### What you will do
Only the lines from the one that contains "Wedding Cake Torte" to the last line below, both included, should be transcribed. Pictures stay out of the copy.

### Material provided

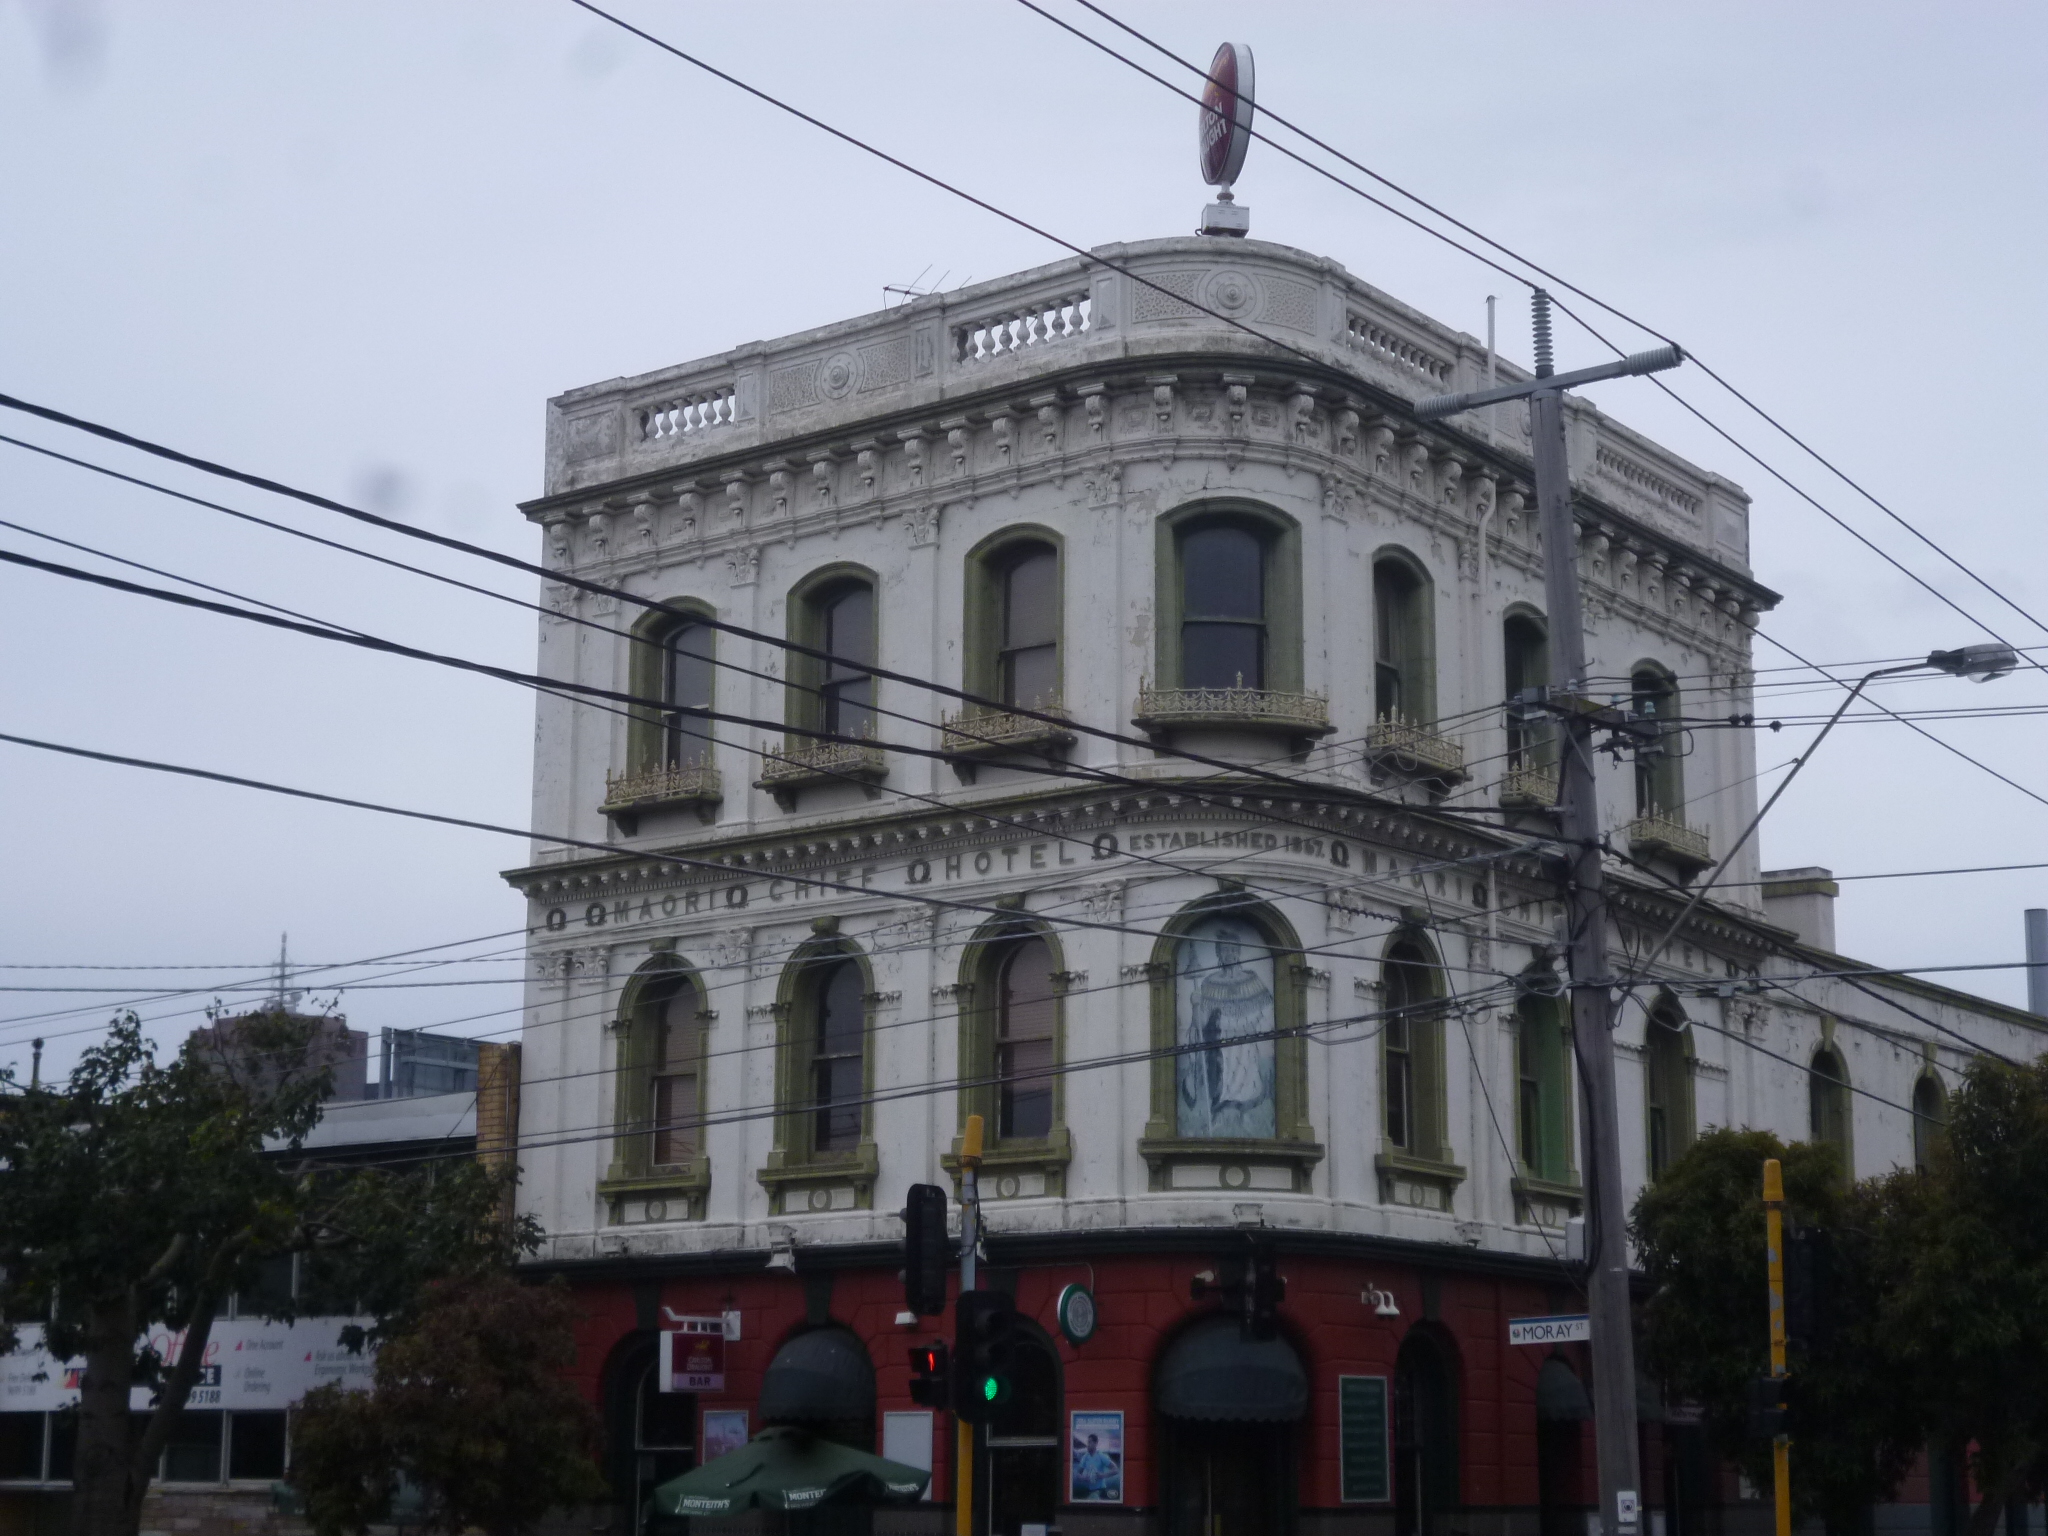 Maori Chief Hotel - Casino Accommodation
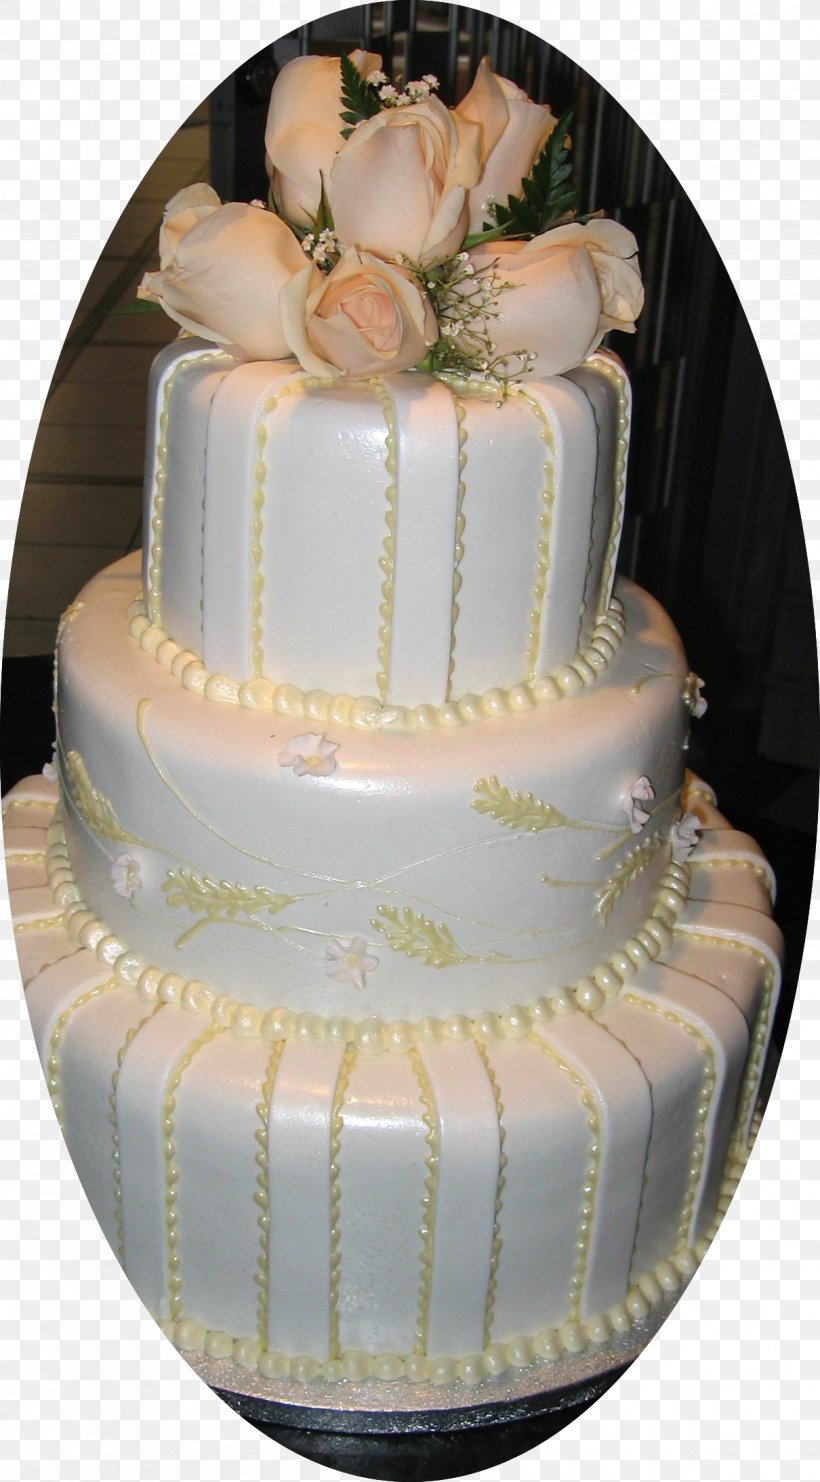 Wedding Cake Torte Cake Decorating Royal Icing Buttercream, PNG, 1210x2188px, Wedding Cake, Buttercream, Cake, Cake Decorating, Fondant Download Free
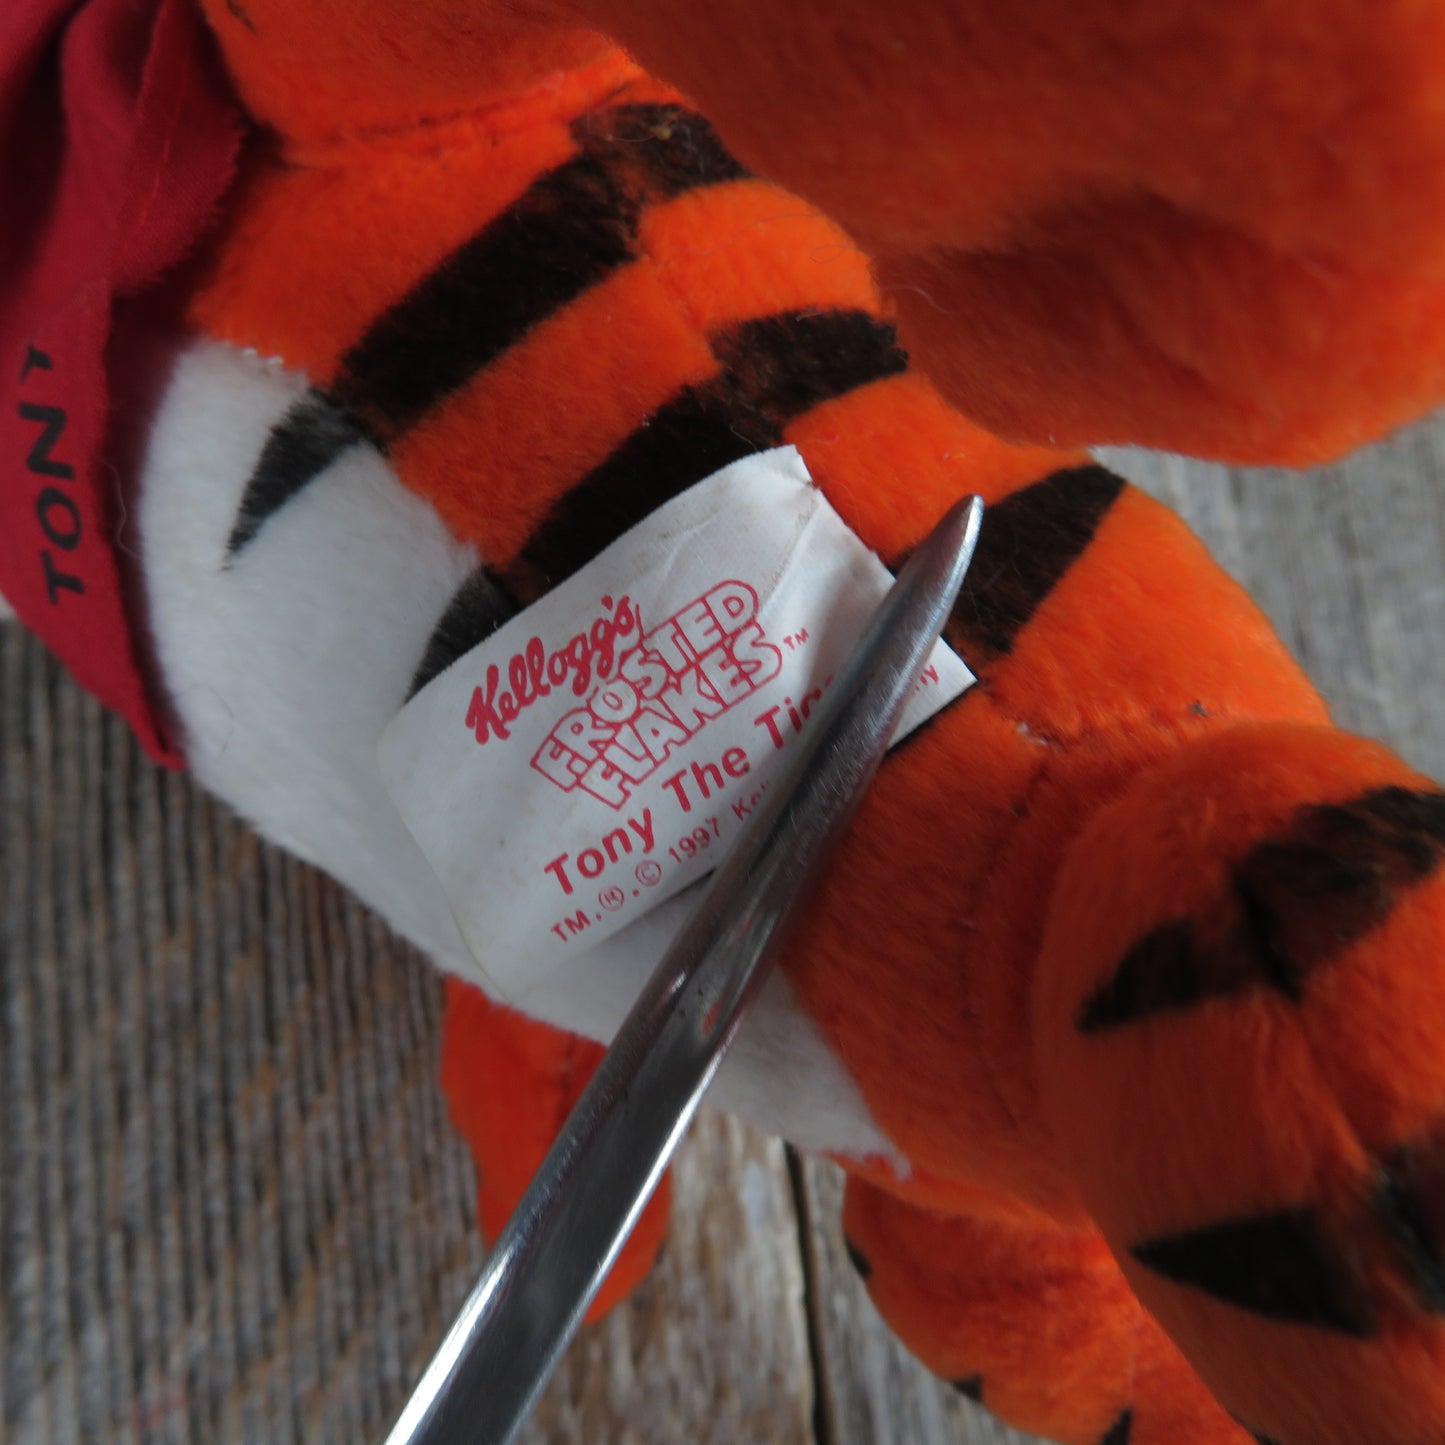 Vintage Tony the Tiger Plush Kellogg's Frosted Flakes Mascot Jointed Stuffed Animal Orange Black 1997 - At Grandma's Table

### Exercise result
 Wedding Cake Torte Cake Decorating Royal Icing Buttercream, PNG, 1210x2188px, Wedding Cake, Buttercream, Cake, Cake Decorating, Fondant Download Free
 Vintage Tony the Tiger Plush Kellogg's Frosted Flakes Mascot Jointed Stuffed Animal Orange Black 1997 - At Grandma's Table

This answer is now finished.